The UNC-system Safety Task Force did well to include a recommendation for background checks in a report to be submitted to UNC-system President Molly Broad.
There's little doubt that something had to be done after the murders of two UNC-Wilmington students this year - the suspects in both of those cases lied about their criminal histories.
It would be an impossible investment of resources for admissions officials to try to investigate criminal records for all applicants to UNC-system schools, but an ongoing effort to flag indicators of potential violence is in order.
Some of the suggestions to identify trouble - triggers such as a lapse between high school graduation and submission of the college application - seem like reasonable justification for admissions officials to double-check the applicant's criminal history.
Having the UNC system go to the Department of Public Instruction, the community college system and private schools to provide it with in-state student suspension and expulsion records also seem to be reasonable measures.
Although it's impossible to know how many real threats a flagging system will be able to catch, it's certainly better than having a system in which applicants can be confident that lies will go undetected.

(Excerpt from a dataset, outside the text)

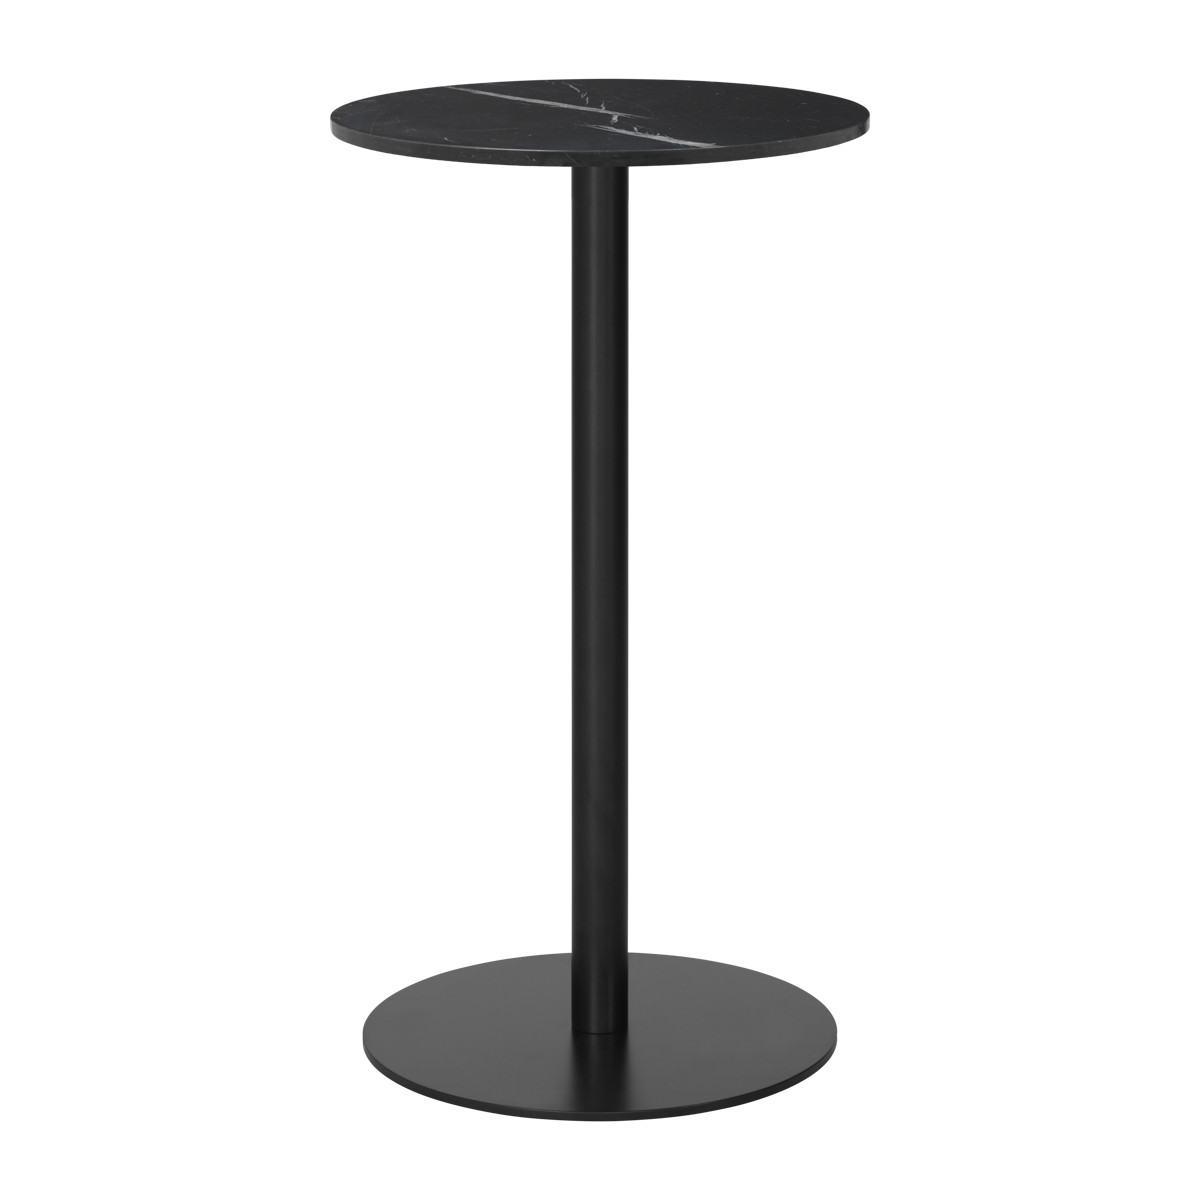 Gubi 1.0 Bar Table - Round, 60 Diameter

Leslie Winner, UNC-system vice president and general counsel, told The (Raleigh) News & Observer that action of some sort is necessary.
"It's sort of a needle in a haystack we're looking for," she said, "but it's a pretty sharp needle."
It's unfortunate that admissions officials are forced to take on what are effectively law enforcement duties, but as events this year have shown, the need is there.
Guidelines for admissions officials to screen for potential sources of harm should continue to be examined and adapted as ideas come up.
It's an important matter - it's good to see that proactive efforts are being made to protect students.
It's unfortunate that it took the lives of two students to provoke the changes, but the need is clear and these recommendations chart a course of action that serves well within the constraints on the university system. We can only hope that more intrusive measures won't be necessary in the future.